Make in India
PM Narendra Modi will launch the 'Make in India' week in Mumbai on Saturday, feb. 13, 2016. In picture: Modi attends the India-China Business Forum in Shanghai May 16, 2015.Reuters

A report by a domestic brokerage firm contradicts a claim that Prime Minister Narendra Modi's 'Make in India' initiative was the main driver behind India's emergence as the world's top destination for foreign direct investment (FDI) in the first half of the year, surpassing China and the US.

The brokerage said that it would be "premature" to co-relate the increase in FDI to the 'Make in India' initiative.

The country saw capital inflows to the tune of $31 billion during the January-June period, while China and the US attracted an investment of $28 billion and $27 billion, respectively, according to a recent report by The Financial Times.

"The recent media hype over India surpassing China and US in FDI inflows, is supposedly considered an affirmation of the success of 'Make in India'. However, data suggests that FDI flows have centered on exploiting domestic consumption, rather than stimulating domestic manufacturing," NDTV Profit quoted Dhananjay Sinha and Kruti Shah of Emkay Global as saying.

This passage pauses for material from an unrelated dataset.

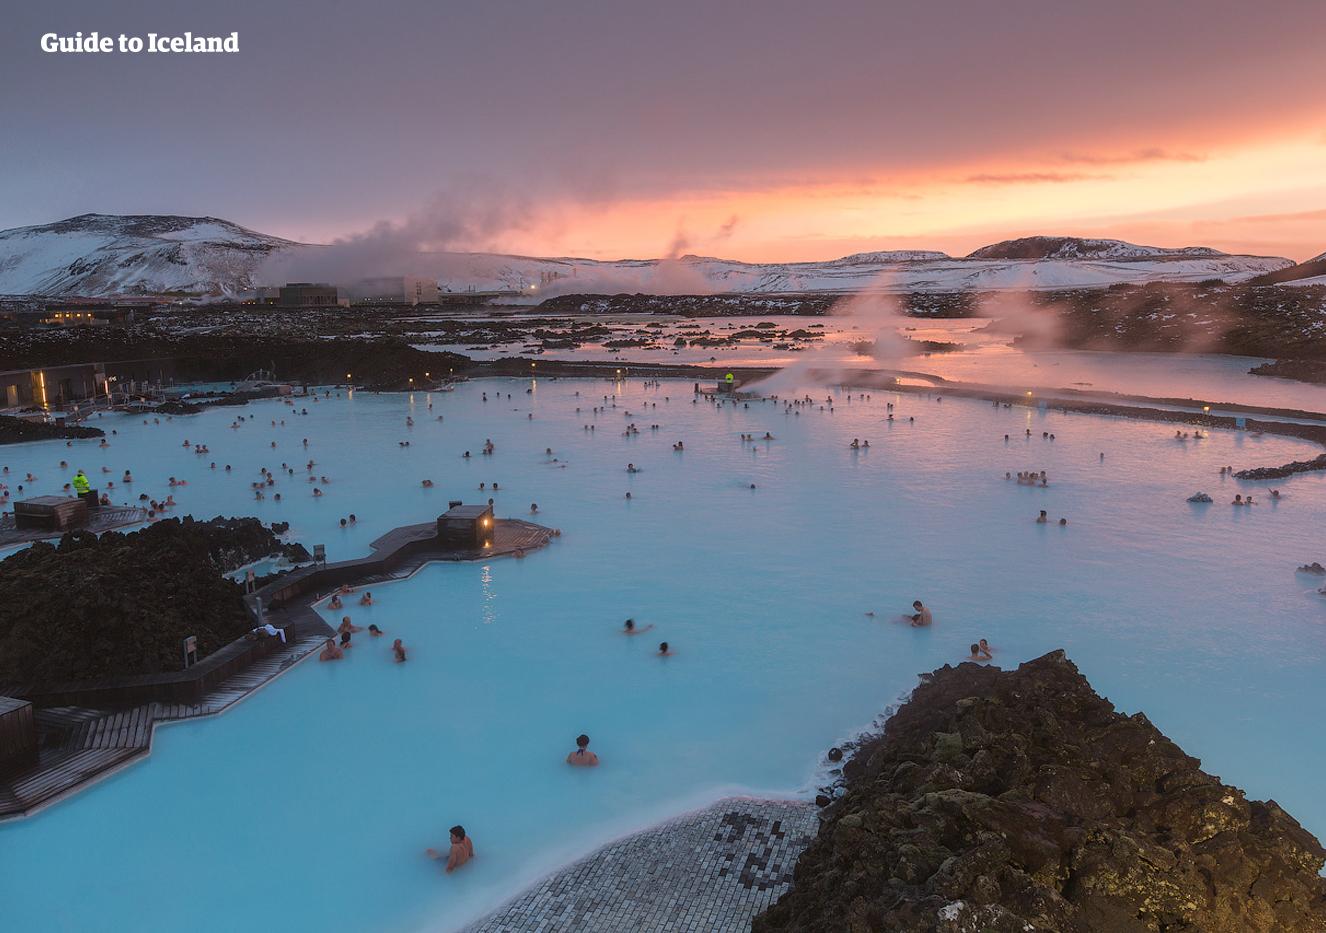 아이슬란드의 유명한 관광지, 블루라구 스파.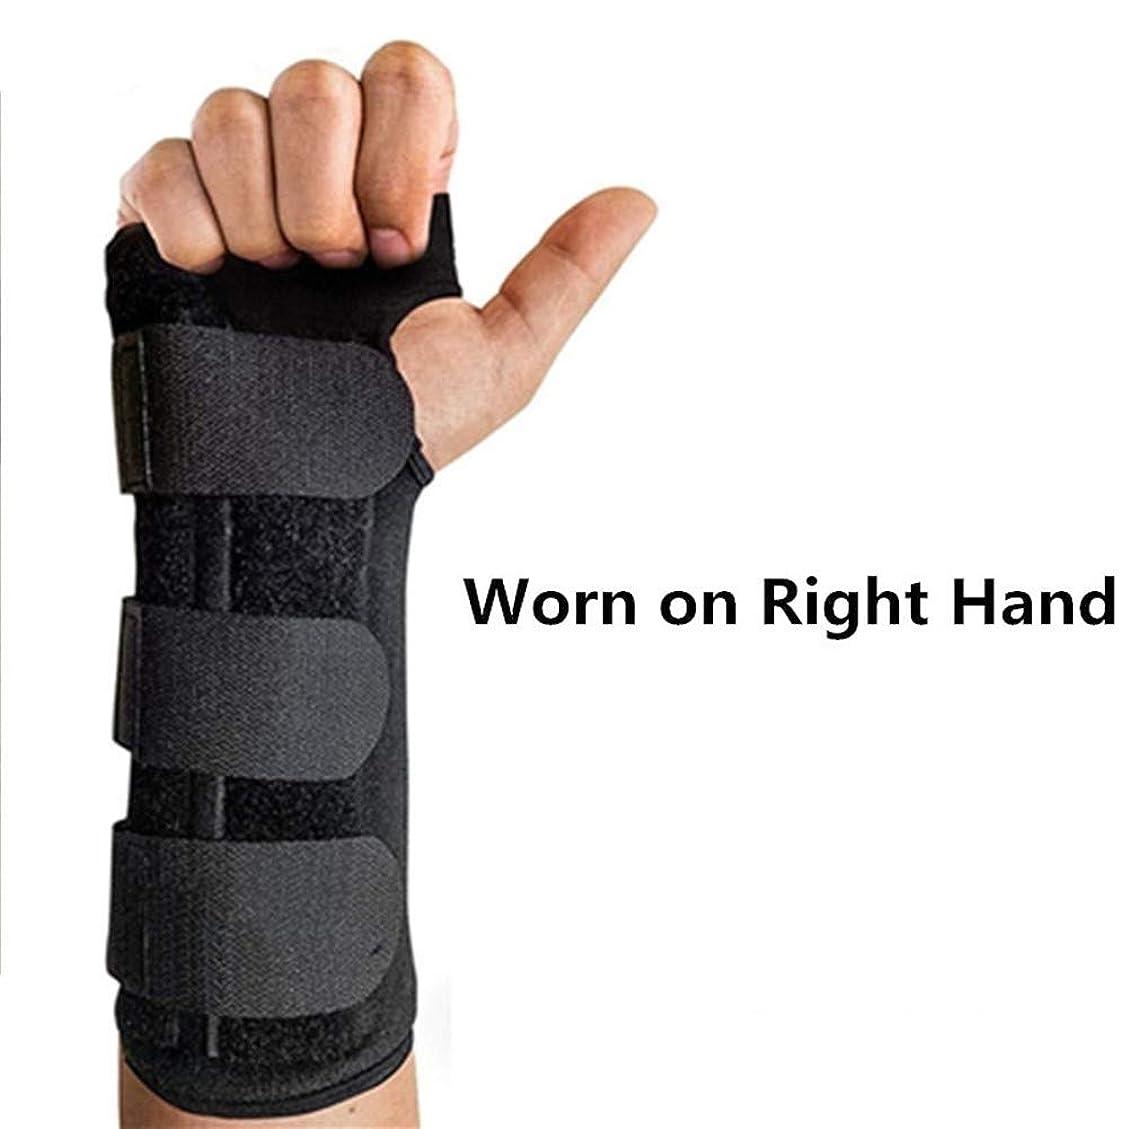 注ぎますに沿ってガチョウRZDJ 調節可能な手首のサポート手根管ブレースストラップ、左または右の手1 Pcと通気性耐久性に優れた指スプリントアーム手首プロテクター (Color : Worn on Right Hand)

The findings of the brokerage are based on data from various sources including the Department of Industrial Planning and Promotion, the agency that is responsible for driving the 'Make in India' programme.

According to Emkay Global, a significant part of FDI inflows to India flowed into e-commerce firms such as Flipkart and Snapdeal, automobiles and cash & carry businesses.

These firms are "not aligned to the spirit of the 'Make in India' campaign," it said.

The investments in these firms are targeted at exploiting the vast potential in domestic consumption but not aimed at improving exports, which is the main focus of 'Make in India', it said.

The country's automobile sector saw $6 billion investments in the form of FDI in the first half of 2015, but the contribution of exports to total sales of passenger cars stayed at around 20-25%, Emkay said.

"While the automobile industry has been considered as an important driver of the 'Make in India' campaign, evidence suggests that most of the FDI flows, both historically and recent, have been aided to capture domestic demand rather than exports, diluting the essence of the campaign," the brokerage added.